As tensões comerciais entre China e Estados Unidos ganharam novo contorno em maio de 2025 com o aumento vertiginoso nos custos de frete marítimo. A rota Xangai–costa oeste dos EUA, considerada uma das principais artérias do comércio global, registrou alta de mais de 300% nos preços de transporte por contêiner. A disparada é resultado direto da incerteza tarifária provocada pelas recentes medidas do governo norte-americano, aliada a um crescimento súbito na demanda por embarques de exportadores chineses.
O fenômeno reflete uma corrida das empresas para antecipar envios antes da entrada em vigor de novas tarifas retaliatórias, anunciadas pelo governo do presidente Donald Trump. A medida faz parte do pacote de revisão da política comercial com a China, que prevê aumentos escalonados de impostos sobre produtos industriais, eletrônicos e bens de consumo.
Empresas dos dois lados do Pacífico estão reavaliando estratégias logísticas e de estoque. Segundo dados da Shanghai Shipping Exchange, o custo para transporte de um contêiner de 40 pés ultrapassou US$ 5.200, contra uma média de US$ 1.200 em abril. As reservas de espaço nos navios estão próximas da saturação, e transportadoras reportam listas de espera para agendamento de novos embarques.
O cenário atual remete ao caos logístico observado durante a pandemia de Covid-19, quando cadeias de suprimentos foram severamente impactadas. Porém, desta vez, o principal fator de desequilíbrio é político. O temor de que a escalada tarifária atinja patamares inéditos tem impulsionado a formação de estoques antecipados, sobretudo no setor de eletroeletrônicos, vestuário e componentes automotivos.
De acordo com a consultoria Drewry, o movimento é particularmente visível em portos chineses como Ningbo, Shenzhen e Guangzhou, que registram aumento expressivo no volume de cargas aguardando embarque para os Estados Unidos. Ao mesmo tempo, portos norte-americanos como Long Beach e Los Angeles relatam gargalos no desembaraço aduaneiro, pressionados pela chegada simultânea de milhares de contêineres.
Especialistas afirmam que a continuidade deste cenário pode agravar os custos para o consumidor final americano. “Uma cadeia logística pressionada, somada a tarifas elevadas, gera inflação de produtos importados”, diz Andrew Kaplan, analista da Global Trade Insights. Ele ressalta que empresas pequenas, com menor poder de negociação, serão as mais afetadas.
A instabilidade no frete marítimo também coloca em alerta operadores logísticos globais, que tentam adaptar seus fluxos para outras rotas menos congestionadas. Ainda assim, o eixo Ásia–Estados Unidos continua sendo essencial para o comércio global, e nenhuma alternativa atual é capaz de absorver a mesma demanda.
O governo chinês monitora o impacto dessas medidas na indústria de exportação, que representa cerca de 18% do PIB do país.
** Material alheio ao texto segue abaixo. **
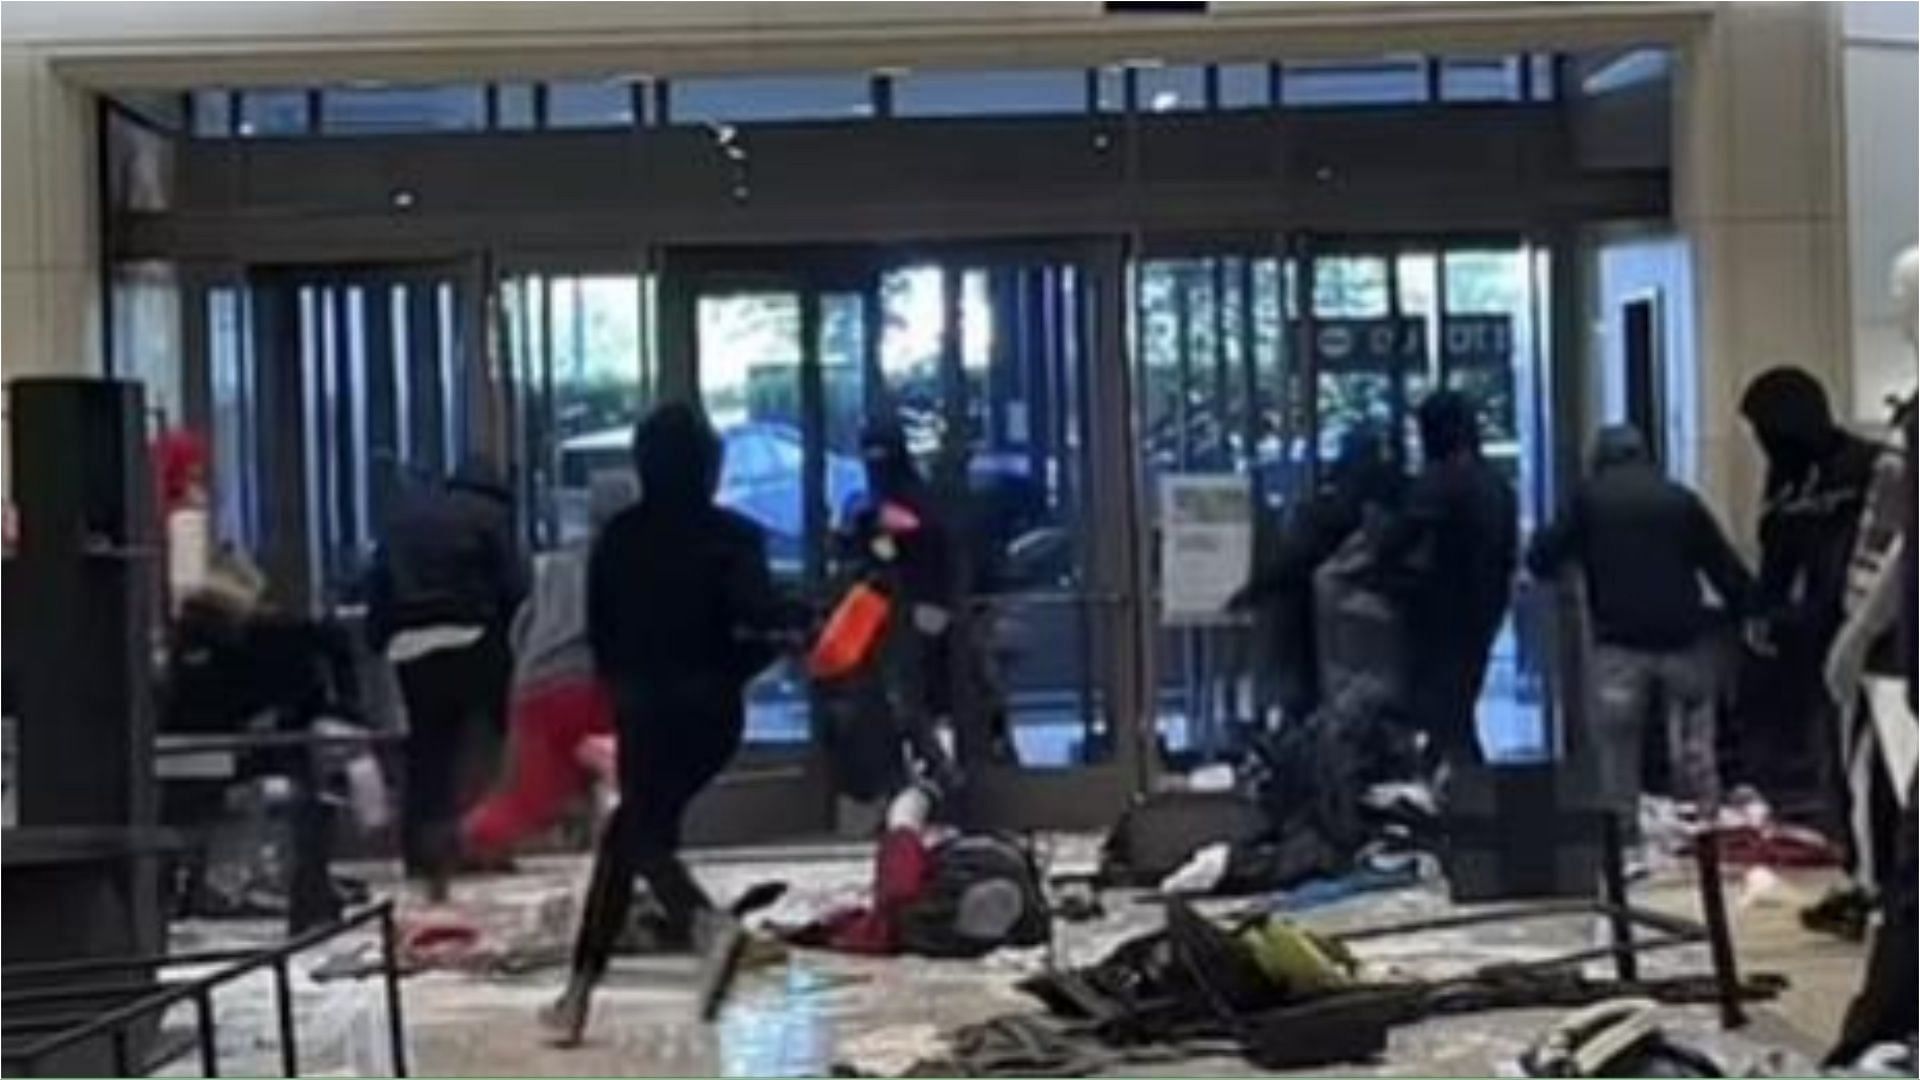 Gotham with no Batman: Topanga Mall Nordstrom looting video goes
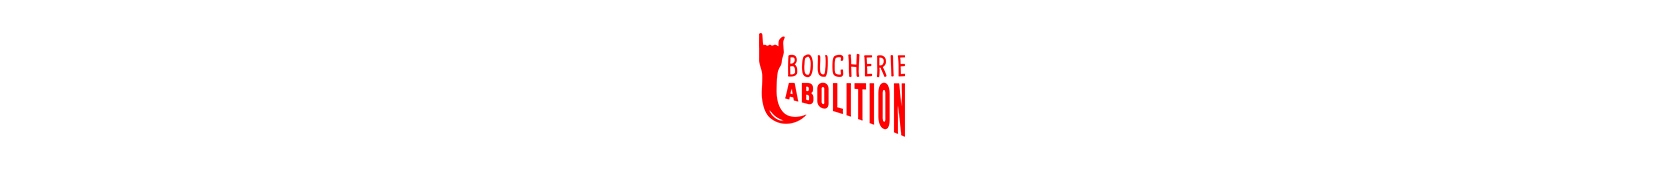 Boucherie Abolition

Em resposta, Pequim adotou medidas de estímulo a empresas exportadoras e sinalizou com pacotes de financiamento logístico subsidiado, para mitigar os efeitos da alta dos custos de envio.
Nos bastidores, diplomatas de ambos os países ainda mantêm canais abertos de negociação. Contudo, a pressão eleitoral nos EUA, com a proximidade da campanha presidencial, tem levado Trump a adotar um discurso mais rígido com relação à China, alimentando a retórica protecionista e dificultando avanços rápidos nos entendimentos comerciais.
Por outro lado, a situação atual pode beneficiar outras nações exportadoras. Países como Vietnã, México, Índia e Indonésia vêm se posicionando como alternativas logísticas e industriais à China, atraindo empresas que buscam diversificar suas cadeias de produção para escapar da guerra comercial.
A médio prazo, o aumento dos custos de frete entre China e EUA poderá alterar a geografia do comércio internacional. Com tarifas elevadas e logística pressionada, o modelo de produção globalizada pode sofrer novas transformações, com regionalização e relocalização de fábricas mais próximas aos centros consumidores.
Para os exportadores chineses, no entanto, o desafio imediato é garantir que os produtos já encomendados cheguem aos destinos antes que novas taxas entrem em vigor. A expectativa do setor é que o atual pico de demanda se mantenha ao longo das próximas semanas, ao menos até que haja maior clareza sobre os próximos passos da política tarifária norte-americana.
Em um mundo onde o comércio internacional continua sendo o pilar das economias modernas, a guerra de tarifas entre duas das maiores potências do planeta ameaça reconfigurar as relações logísticas globais, com reflexos diretos no preço final dos produtos e no equilíbrio das balanças comerciais.